Processuelle Les stratégies proviennent du processus : la direction contrôle les éléments processuels de la stratégie (recrutement, structure, etc.) et laisse les éléments du contenu aux autres acteurs. Ces stratégies sont partiellement délibérées, partiellement émergentes (et, à nouveau, délibérément émergentes).

Déconnectée Les stratégies proviennent d’enclaves : un ou des acteurs peu liés au reste de l’organisation produisent des modes de fonctionnement à partir de leurs propres actions en l’absence d’intentions centralisées et communes ou en contradiction directe avec celles- ci. Ces stratégies sont émergentes d’un point de vue organisationnel tandis qu’elles peuvent être délibérées ou non du point de vue du ou des acteurs.

Consensuelle Les stratégies proviennent d’un consensus : à travers un ajustement mutuel, les acteurs convergent vers des modes de fonctionnement qui se généralisent en l’absence d’intentions centralisées ou communes. Ces stratégies sont plutôt émergentes.

Imposée Les stratégies proviennent de l’environnement : l’environnement dicte les modes de fonctionnement, soit à travers une imposition directe, soit de façon implicite en devançant ou en limitant le choix organisationnel. Ces stratégies sont les plus émergentes, bien qu’elles puissent être intériorisées par l’organisation et devenir délibérées.

Tableau 4 – Description synthétique des types de stratégies Source : Mintzberg et Waters (1985, p. 270, notre traduction)

La normativité, avec le manque de définition stable de l’innovation managériale et le présupposé révolutionnaire, contribue à des débats et affrontements régulièrement stériles où chacun semble posséder la réponse et s’enferme, ainsi qu’autrui, dans des raisonnements binaires où règnent simplisme, diabolisation et angélisme.

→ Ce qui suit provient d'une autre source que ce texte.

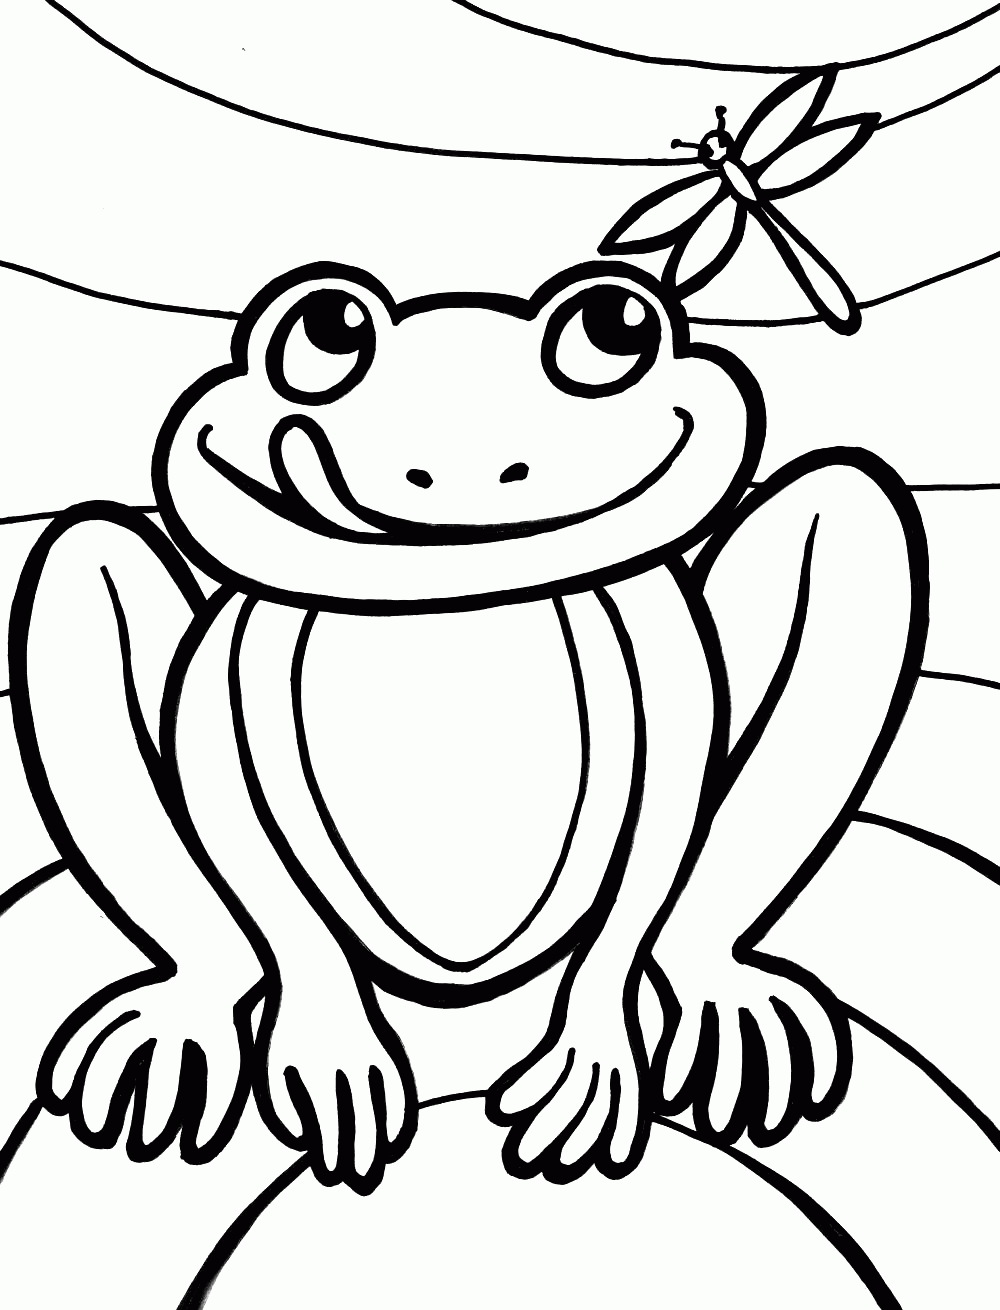 Frog Coloring Pages Free Frog Coloring Pages Frog And Toad ...

Sans prétendre pouvoir relever le débat, notre objectif est d’en sortir afin de rendre intelligibles l’innovation managériale et son processus de changement tels que conçus par les acteurs de terrain eux-mêmes. De la sorte, nous espérons participer à la production d’une connaissance actionnable au sens où Argyris le conçoit , c’est-à-dire source de réflexion pour la pratique (Grenier et Pauget, 2007). Nous ne nions pas la normativité en tant que telle, mais souhaitons lever le voile sur sa multiplicité et sa complexité : les normativités et intentions des parties prenantes contribuent à la construction des phénomènes sociaux, en ce compris l’innovation managériale. De plus, lorsqu’il s’agit de recherche-intervention, la normativité des parties prenantes externes, en l’occurrence chercheurs et consultants, entre également en ligne de compte. Entre une vision d’académique analytique ou de consultant normatif, la frontière n’est pas si tranchée qu’on pourrait le croire. Bon nombre oscillent entre théoricien et praticien. Notre propre positionnement doit dès lors être clarifié, tant d’un point de vue épistémologique que méthodologique (cf. infra).